Павел отвечает в том смысле, что есть такая профессия. На самом деле профессия у него была совершенно другая. В 1991 году он окончил физический факультет МГУ. Еще не закончив обучение, работал в Научно-исследовательском институте ядерной физики, мечтал о карьере ученого. Сейчас с гордостью вспоминает установку в Казахстане, на которой довелось поработать: телескоп, сеть детекторов на площади 1000 кв. км и транспьютер. Если честно, я, троечник по физике, так и не понял до конца, что именно они там улавливали своими детекторами и куда транспьютировали, но речь вроде шла о физике сверхвысоких энергий.
Установка стоила 1 млрд рублей (по тогдашним, еще советским, ценам это было покруче $1 млрд!). Об этом можно говорить с гордостью: что за могучая страна была, если простой выпускник университета мог запросто поработать на приборе ценой в годовой бюджет некоторых стран?
Но, увы, ход событий сделал невозможным дальнейшее пребывание Павла Устименко в науке.

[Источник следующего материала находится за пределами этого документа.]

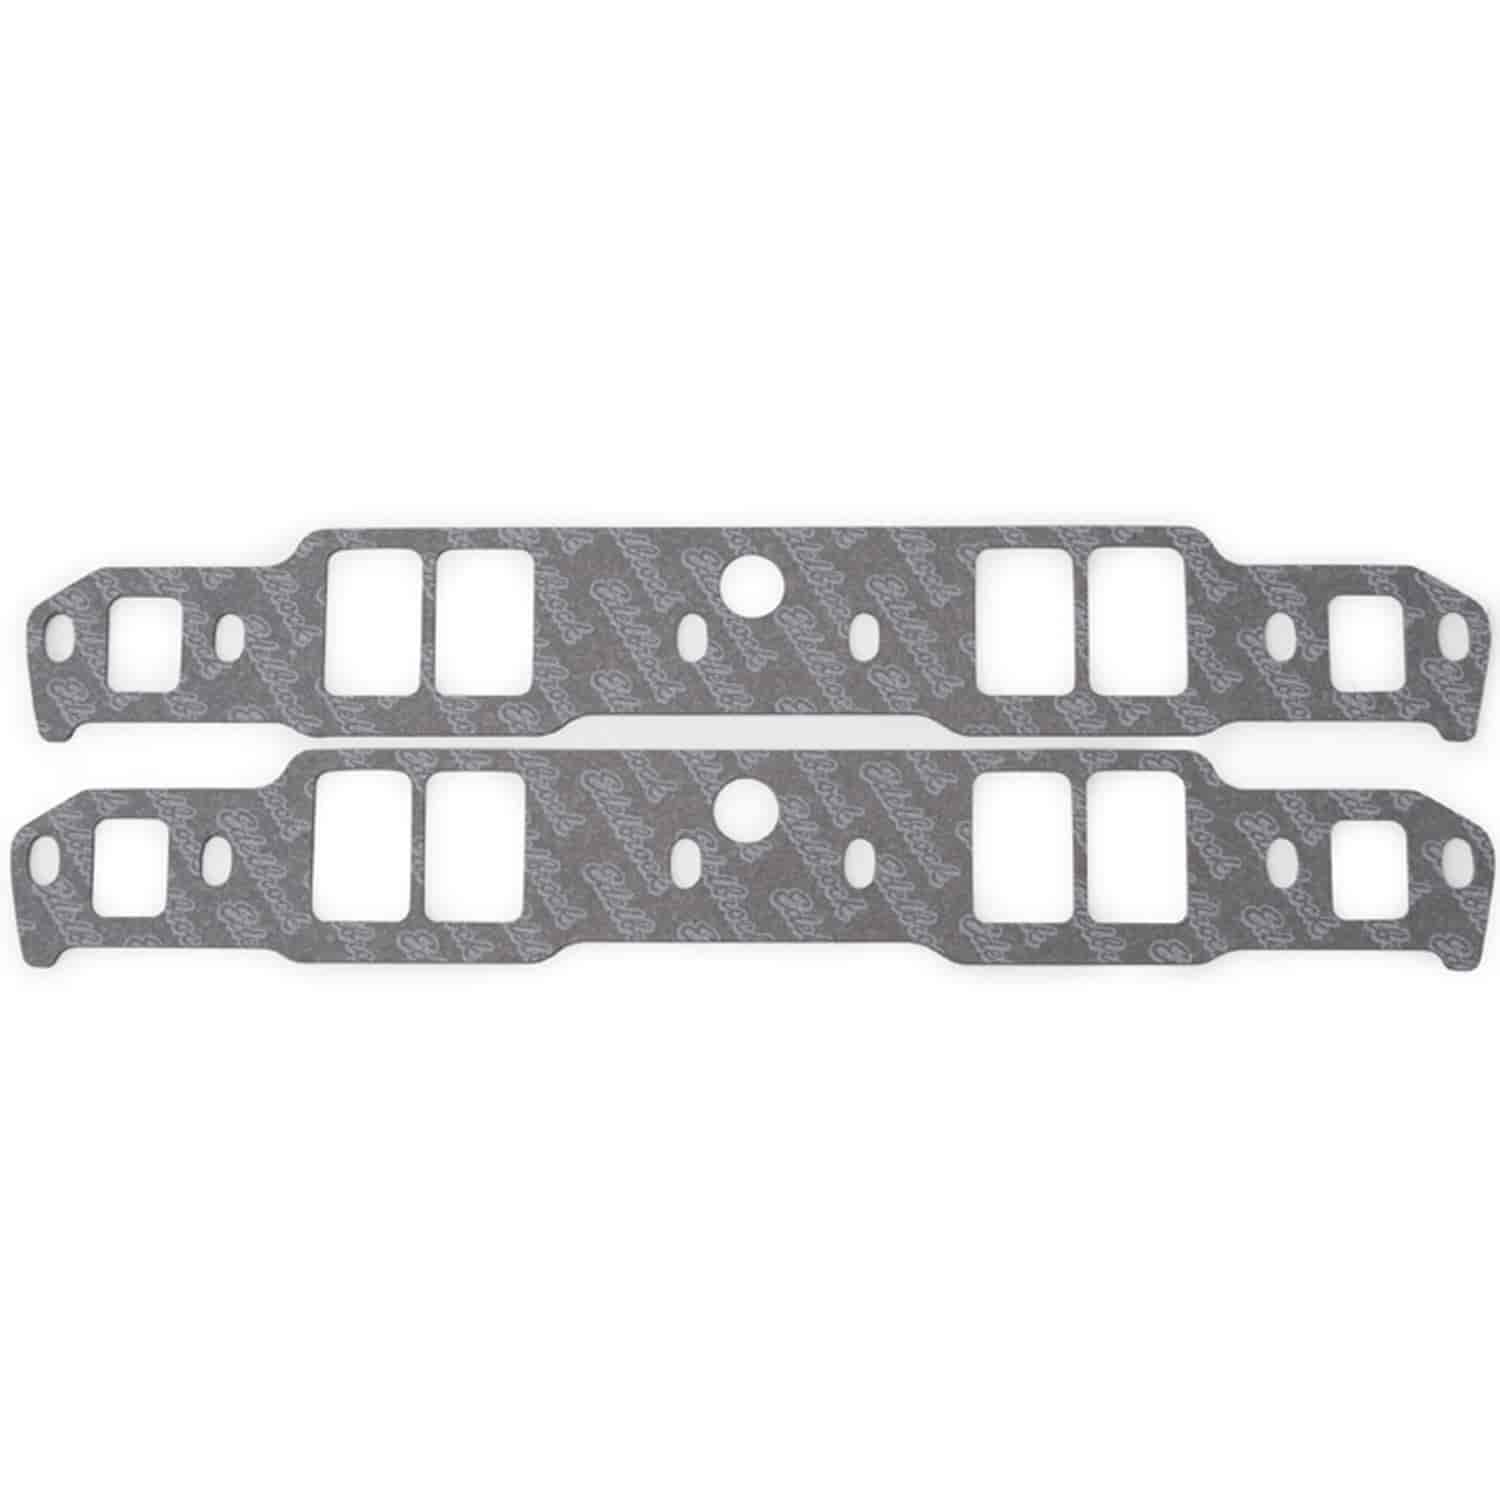 Intake Gaskets for Small Block Chevy with 23

Последовавший за перестройкой развал экономики ясно давал понять: больше финансирования не будет и исследований на 1000-километровом приборе — тоже. Так Павел Устименко отказался от звания "ученый" и стал именовать себя скромно: научный работник. А вскоре и вовсе переквалифицировался в бизнесмены. Сначала пытался работать брокером. Но для него, еще в науке привыкшего к размаху, все это было, видимо, мелковато. Поэтому он стал страховать самолеты.
Я предположил, что именно масштаб у Павла определяет сознание. И если бы он пошел не в страхование, а в торговлю, то наверняка продавал бы не сосиски (хотя что плохого в сосисках?), а те же самолеты, пароходы, космические корабли. А если бы в инвестиционный бизнес, то покупал бы атомные или гидроэлектростанции, тоннель под Ла-Маншем, Manchester United — что-нибудь дорогое и громоздкое, со сверхвысокой энергией.

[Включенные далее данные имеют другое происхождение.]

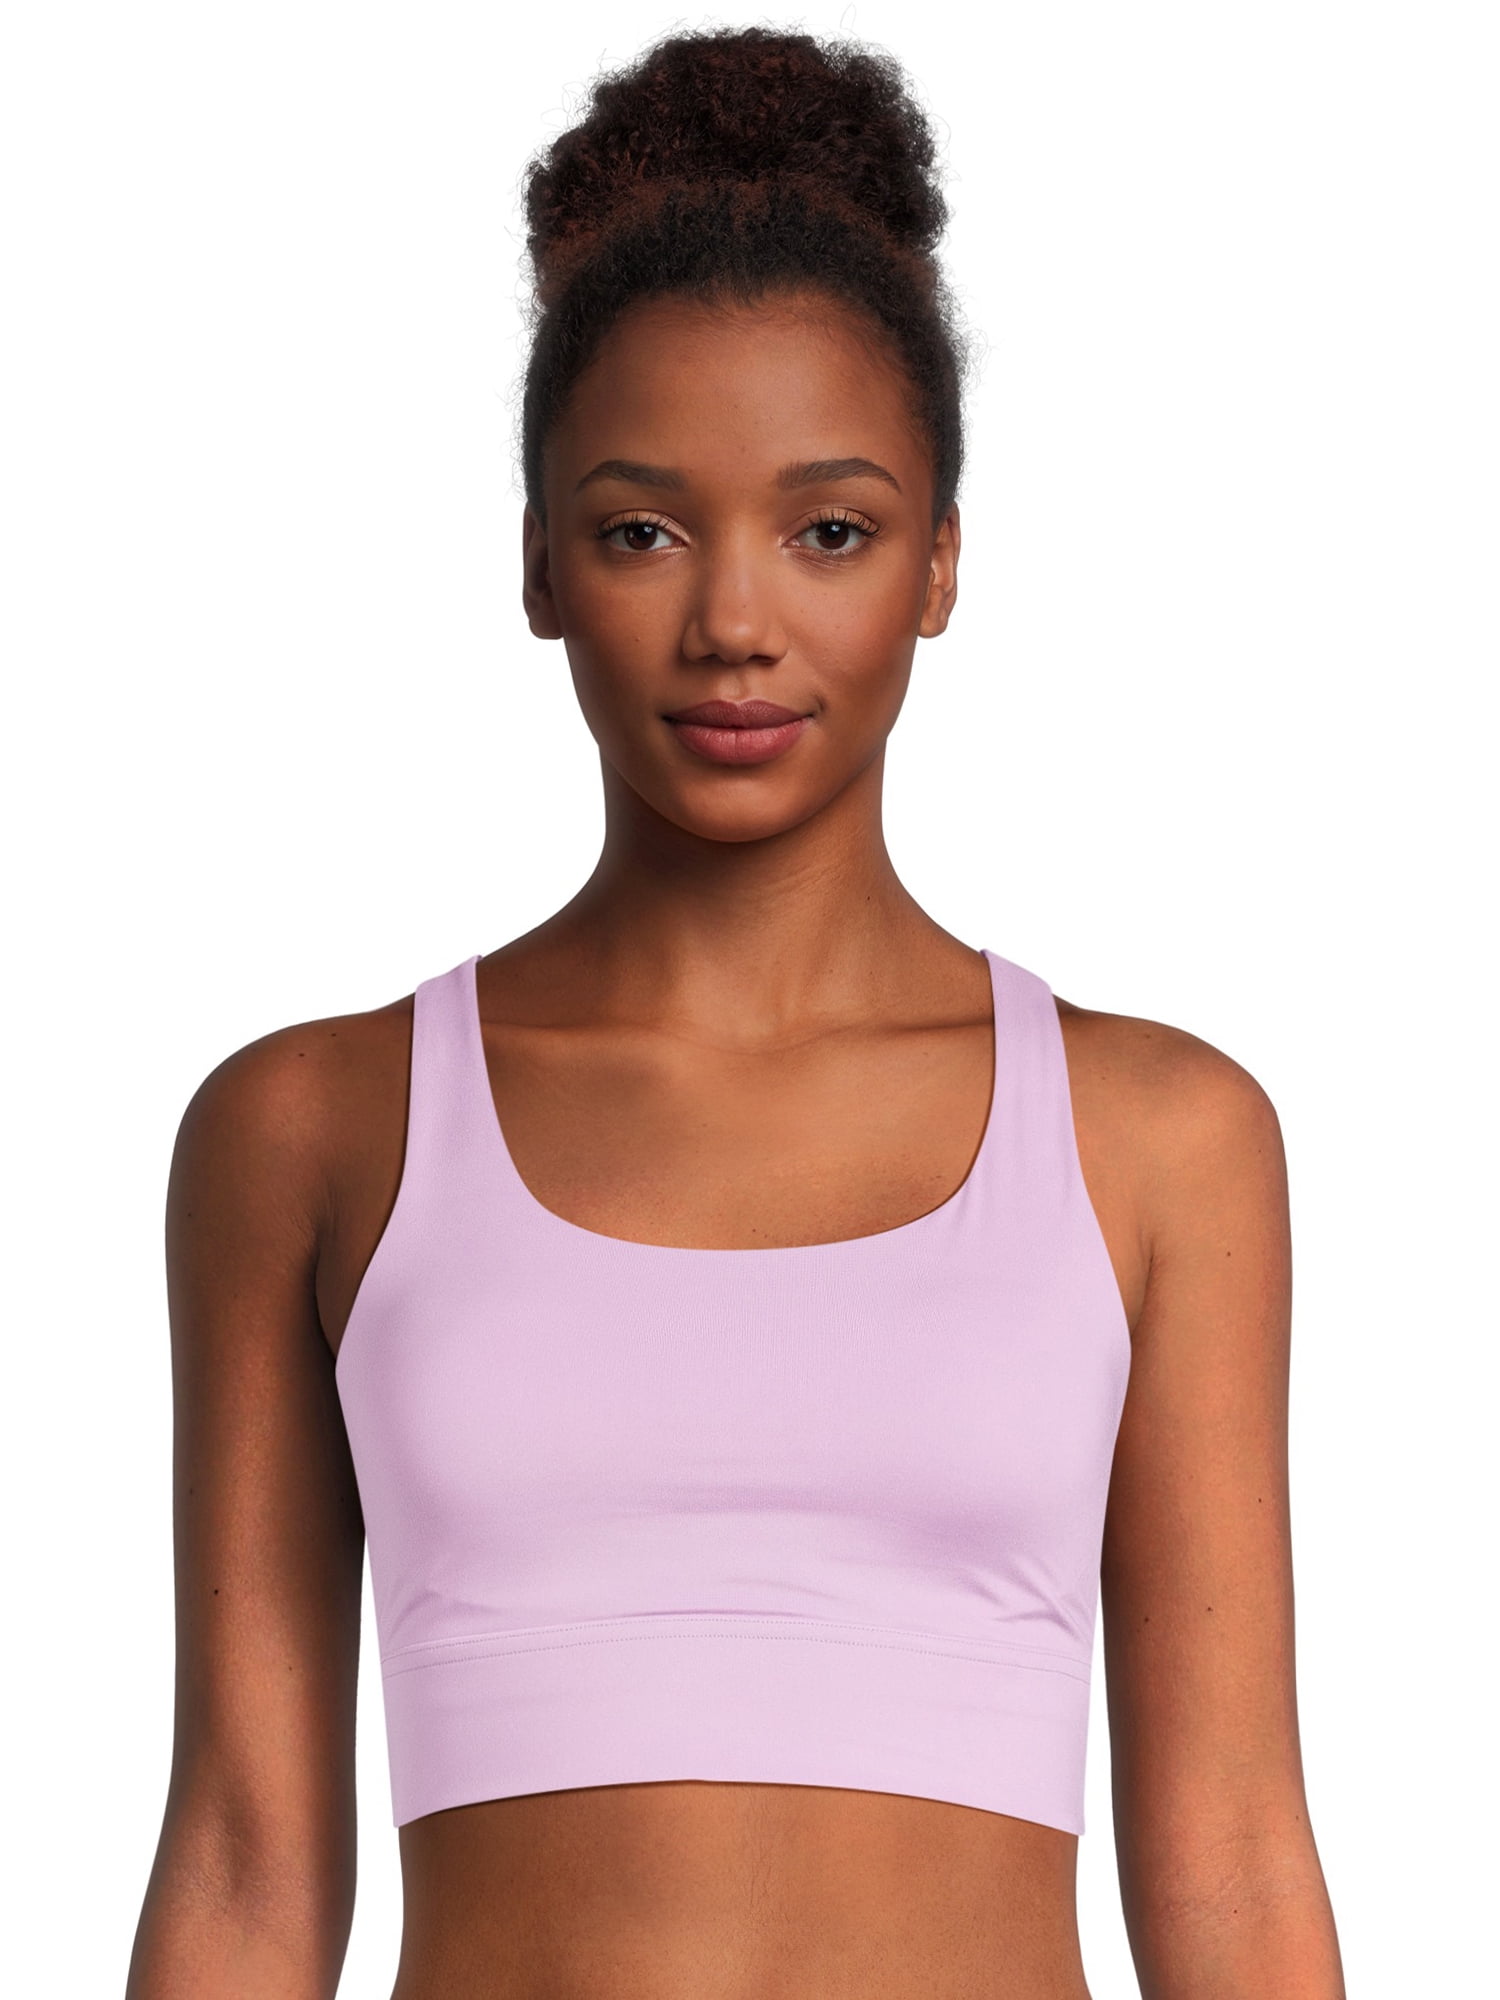 Avia Activewear Women's Molded Cup, High Support, Racerback

Но сам Павел считает, что все проще: идея страховать авиакосмическую технику пришла в голову его отцу, Николаю Павловичу, и тот предложил сыну присоединиться к бизнесу. А дело в том, что Николай Павлович Устименко всю жизнь проработал в системе гражданской авиации, пользовался в этой системе уважением и, в частности, занимался расследованием авиапроисшествий. Кому, как не ему, знать о важности страхования летающей техники?
Надо признать: идея была многообещающей. Связи отца позволили получить ведомственную поддержку. Кроме того, уже в начале 90-х образовалось много коммерческих авиакомпаний, которые были обязаны иметь страховку при выполнении международных рейсов. А страховать есть что: имущество авиакомпаний (самолеты), жизни (пассажиров), грузы.
Компания "Авикос" (из названия понятно, что речь идет об авиации и космосе) создавалась еще как советское предприятие, а развивалась уже как постсоветское: пока собирали уставный капитал, он параллельно обесценивался.
— И все же, Павел, это должен быть очень узкий рынок: не так уж много компаний могут позволить себе содержать самолеты.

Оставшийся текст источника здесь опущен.